Educated population needed for growth

April 27, 1997

For the past few months the mail deliveries that come to my home have brought a large assortment of brochures, catalogs and fliers from colleges around the country, all hoping that my son the honor student will pick them. I am proud, but a little bit sad at the same time.

I'm proud because my son works hard to perform well, harder than I ever did at his age. I'm also sad because I know that when he goes on to college, I'll hear myself echoing the lament I've heard from so many other parents over the years. My college-educated son may not come back to live here because there just aren't that many jobs available for someone with a four-year degree.

And why is that? According to an economic-development specialist familiar with this area, it's because the percentage of local residents who have four-year degrees is too low. Companies look at that statistic, I was told, and we don't even get to make the quality-of-life argument to them.


But if the percentage is too low, it's because our college-educated kids don't have anything to come back to. Because there aren't any white-collar industries, because there aren't enough college-educated people here...

Do you doubt that? Do you believe it's not a problem? Consider the consultant's report done on the comprehensive re-use plan for Fort Ritchie, which could be the biggest economic-development program here in the next 50 years:

Written by Deloitte & Touche Fantus, the report says, in part: "The recent (and historical) statistics relating to degrees obtained and the number of public school students who attend college will suggest to some employers that a well-educated work force will be difficult to recruit."

When Maryland Gov. Parris Glendening was in town recently, I asked him what could be done about this circular problem.
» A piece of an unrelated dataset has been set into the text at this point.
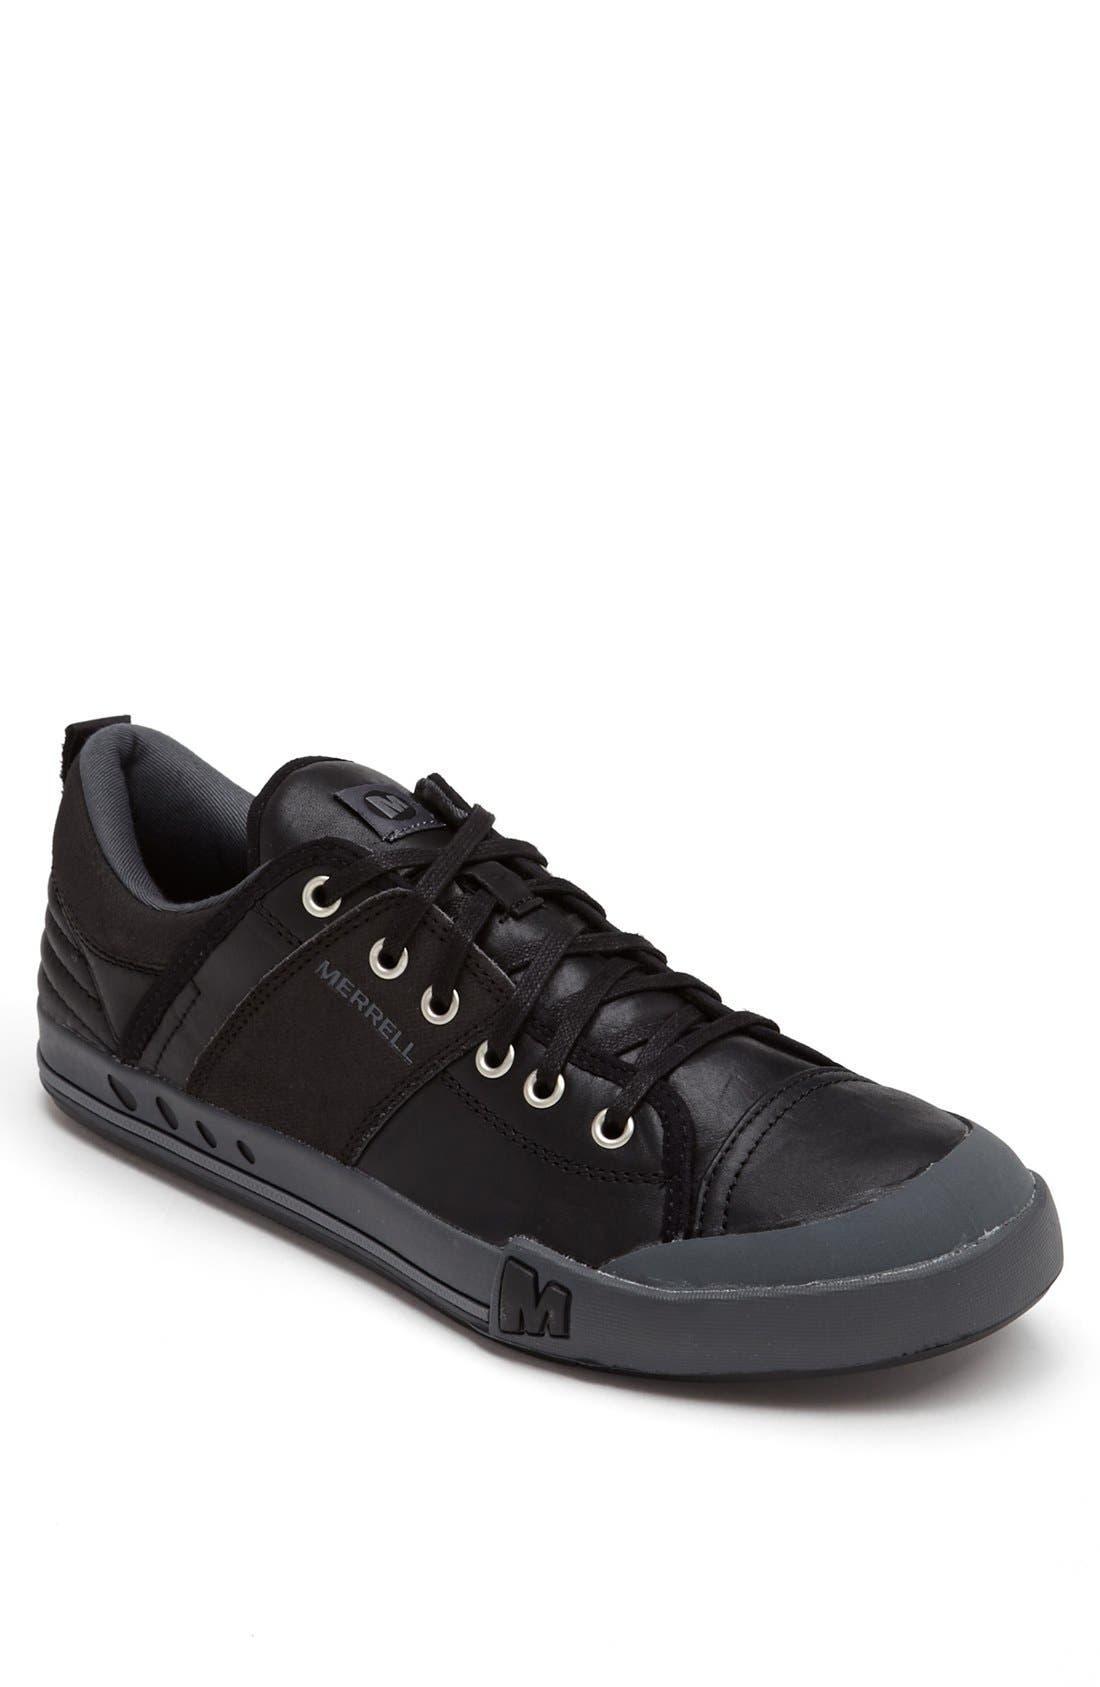 Main Image - Merrell 'Rant Evo' Sneaker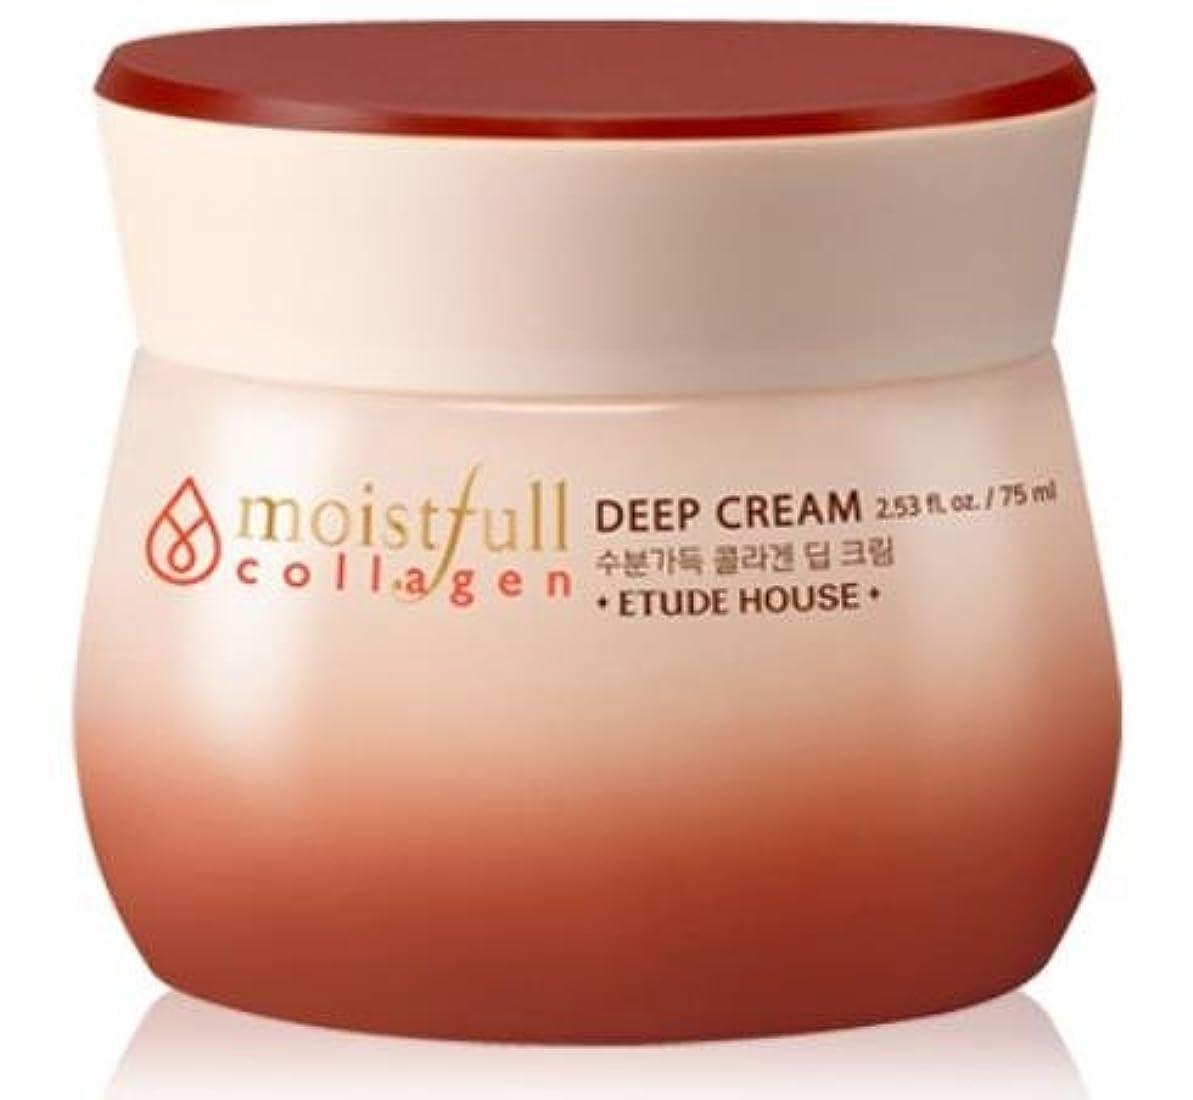 のど賛辞敵[エチュードハウス] ETUDE HOUSE [モイストフルコラーゲ 深いクリーム] (Moistfull Collagen Deep Cream) [並行輸入品]

Glendening said in his presentations to industry, he would emphasize two things - the relatively high percentage of Marylanders who do have advanced degrees and the state's transportation system, which makes it easy for those with the needed credentials to commute here from places like Montgomery County.

That answer assumes, however, that you'll get the chance to make that pitch to the industry and that its officials won't just rule out Washington County on the basis of a stat sheet.

Maybe there's another possibility: What if local officials concentrate on making this an attractive place to live for people with advanced degrees? Housing costs are certainly less than what they would be in the metro area, crime is lower and while we don't have the cultural amenities of Baltimore or Washington, D.C., there is a symphony and a very nice art museum.

There's also a tele-commuting center that would allow some people to skip the daily headache of driving Interstate 70 in favor of doing their work long-distance.

Would this area be attractive to people with advanced degrees? It was to Steve Riedesel, a retired Prince George's County teacher, who explored the region, including Chambersburg, Pa., before he and his wife settled on a house on West Washington Street in Hagerstown's West End.

Why West Washington Street instead of a quieter suburb?

"We wanted to be able to walk to places to places like downtown and the art museum," Riedesel said.

"We generally go there and to the Maryland Symphony. We see where there's potential for tourism, with the Civil War thing," he said.

Minor league baseball was also a plus for Riedesel, who said it would be a big loss if the area lost the Hagerstown Suns.

How did you discover this area?

"Through various little vacations we took, We began to realize this was a neat area," he said.

They considered Chambersburg, in part because Pennsylvania doesn't tax retirees' pensions, but in the end decided that they were Marylanders, and would stay in Maryland, he said.

The house they bought is a two-story home that's free-standing with a small yard. It had been an apartment building, but the Riedesels have converted it back to a home, and hope to paint the outside to make it look like it did when it was built, sometime in the 1840s.

In the first downtown economic summit, I sat in on a group that was considering housing in the city center. The conclusion then from that group, which included bankers, real estate people and others, is that for those who've lived here all their lives, life in downtown or on its fringes may not be attractive.

A better target market, they said, might be people who now live in urban areas like Rockville and Gaithersburg. In return for a slightly longer commute, we figured, they could wake up on Saturday morning in Washington County.

There probably is no one answer to economic development, or convincing our kids to come home after college. It may involve things that are almost accidental in nature, like the CEO visiting a Civil War site who sees the area and decides to look beyond statistics, or friendships, like the one between horn maker Walter Lawson and Barry Tuckwell that led to formation of the Maryland Symphony.

That said, consider this: If trying to convince highly educated people that this is a nice place to live might pay off with jobs our educated kids can fill, why not give it a try?

Bob Maginnis is editor of The Herald-Mail Opinion page.